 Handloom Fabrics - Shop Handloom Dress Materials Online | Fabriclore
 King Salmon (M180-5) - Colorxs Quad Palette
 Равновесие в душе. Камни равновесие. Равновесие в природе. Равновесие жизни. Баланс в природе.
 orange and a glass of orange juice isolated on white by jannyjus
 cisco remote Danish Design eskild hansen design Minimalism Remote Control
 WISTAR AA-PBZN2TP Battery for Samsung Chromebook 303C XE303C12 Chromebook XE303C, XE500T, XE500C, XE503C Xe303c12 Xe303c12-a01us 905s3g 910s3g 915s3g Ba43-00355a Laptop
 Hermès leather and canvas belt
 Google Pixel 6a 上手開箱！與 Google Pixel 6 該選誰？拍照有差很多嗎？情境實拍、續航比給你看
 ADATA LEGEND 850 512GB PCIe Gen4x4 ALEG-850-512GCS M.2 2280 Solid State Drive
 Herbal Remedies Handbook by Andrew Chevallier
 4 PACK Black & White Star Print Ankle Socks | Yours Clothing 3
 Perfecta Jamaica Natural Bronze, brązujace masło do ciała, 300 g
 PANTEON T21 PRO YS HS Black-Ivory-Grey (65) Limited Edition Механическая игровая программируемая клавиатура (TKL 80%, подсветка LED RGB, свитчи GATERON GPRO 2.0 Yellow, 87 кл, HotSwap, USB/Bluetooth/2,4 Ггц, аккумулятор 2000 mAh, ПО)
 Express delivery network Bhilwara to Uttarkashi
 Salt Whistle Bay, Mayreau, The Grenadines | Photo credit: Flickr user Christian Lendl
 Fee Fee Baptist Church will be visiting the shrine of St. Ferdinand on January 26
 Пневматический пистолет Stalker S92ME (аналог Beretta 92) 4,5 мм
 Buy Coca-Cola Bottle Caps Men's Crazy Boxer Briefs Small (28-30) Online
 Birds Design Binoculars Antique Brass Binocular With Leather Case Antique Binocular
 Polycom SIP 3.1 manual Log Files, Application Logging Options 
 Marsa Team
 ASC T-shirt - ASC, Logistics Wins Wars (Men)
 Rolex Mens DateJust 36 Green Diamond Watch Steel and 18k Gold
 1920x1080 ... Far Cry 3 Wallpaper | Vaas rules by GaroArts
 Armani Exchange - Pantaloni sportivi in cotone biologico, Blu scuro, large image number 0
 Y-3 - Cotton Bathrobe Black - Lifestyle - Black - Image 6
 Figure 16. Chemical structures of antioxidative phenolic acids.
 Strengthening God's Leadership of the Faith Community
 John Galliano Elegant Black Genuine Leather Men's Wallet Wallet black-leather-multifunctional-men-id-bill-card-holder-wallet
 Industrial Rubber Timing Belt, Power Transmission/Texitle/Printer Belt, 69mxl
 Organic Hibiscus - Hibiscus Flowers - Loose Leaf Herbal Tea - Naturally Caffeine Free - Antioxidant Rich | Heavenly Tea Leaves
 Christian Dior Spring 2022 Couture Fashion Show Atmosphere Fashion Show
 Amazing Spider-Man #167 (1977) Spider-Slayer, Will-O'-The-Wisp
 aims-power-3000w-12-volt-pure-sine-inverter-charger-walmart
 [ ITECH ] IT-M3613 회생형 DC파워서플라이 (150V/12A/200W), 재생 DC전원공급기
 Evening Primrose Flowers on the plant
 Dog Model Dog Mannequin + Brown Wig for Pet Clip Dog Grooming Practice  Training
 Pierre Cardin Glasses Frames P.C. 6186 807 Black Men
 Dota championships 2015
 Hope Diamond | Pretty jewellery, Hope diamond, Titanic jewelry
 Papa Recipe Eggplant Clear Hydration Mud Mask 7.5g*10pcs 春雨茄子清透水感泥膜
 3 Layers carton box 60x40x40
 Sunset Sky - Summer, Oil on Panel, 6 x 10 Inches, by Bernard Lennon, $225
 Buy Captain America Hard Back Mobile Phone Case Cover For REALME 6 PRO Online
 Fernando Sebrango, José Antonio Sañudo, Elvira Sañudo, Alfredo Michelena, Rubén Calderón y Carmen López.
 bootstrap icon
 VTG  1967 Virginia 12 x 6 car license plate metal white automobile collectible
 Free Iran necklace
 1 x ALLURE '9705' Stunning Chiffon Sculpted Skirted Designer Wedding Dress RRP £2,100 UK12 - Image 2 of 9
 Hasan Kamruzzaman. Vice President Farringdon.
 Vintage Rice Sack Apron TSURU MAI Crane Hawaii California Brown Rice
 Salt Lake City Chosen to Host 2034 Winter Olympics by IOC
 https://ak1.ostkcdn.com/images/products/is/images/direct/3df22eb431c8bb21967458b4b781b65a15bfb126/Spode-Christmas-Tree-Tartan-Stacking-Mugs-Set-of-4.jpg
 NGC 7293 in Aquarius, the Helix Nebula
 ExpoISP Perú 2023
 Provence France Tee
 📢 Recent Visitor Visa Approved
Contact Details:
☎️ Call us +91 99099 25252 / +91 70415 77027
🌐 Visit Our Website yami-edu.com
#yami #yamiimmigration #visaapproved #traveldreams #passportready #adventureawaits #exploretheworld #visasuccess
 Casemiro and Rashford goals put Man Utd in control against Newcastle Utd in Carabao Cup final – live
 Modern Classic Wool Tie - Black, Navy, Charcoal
+ + +
» **Your task**: From the entries above, list each line with "Flowers" in it.

» **Response**:
 Organic Hibiscus - Hibiscus Flowers - Loose Leaf Herbal Tea - Naturally Caffeine Free - Antioxidant Rich | Heavenly Tea Leaves
 Evening Primrose Flowers on the plant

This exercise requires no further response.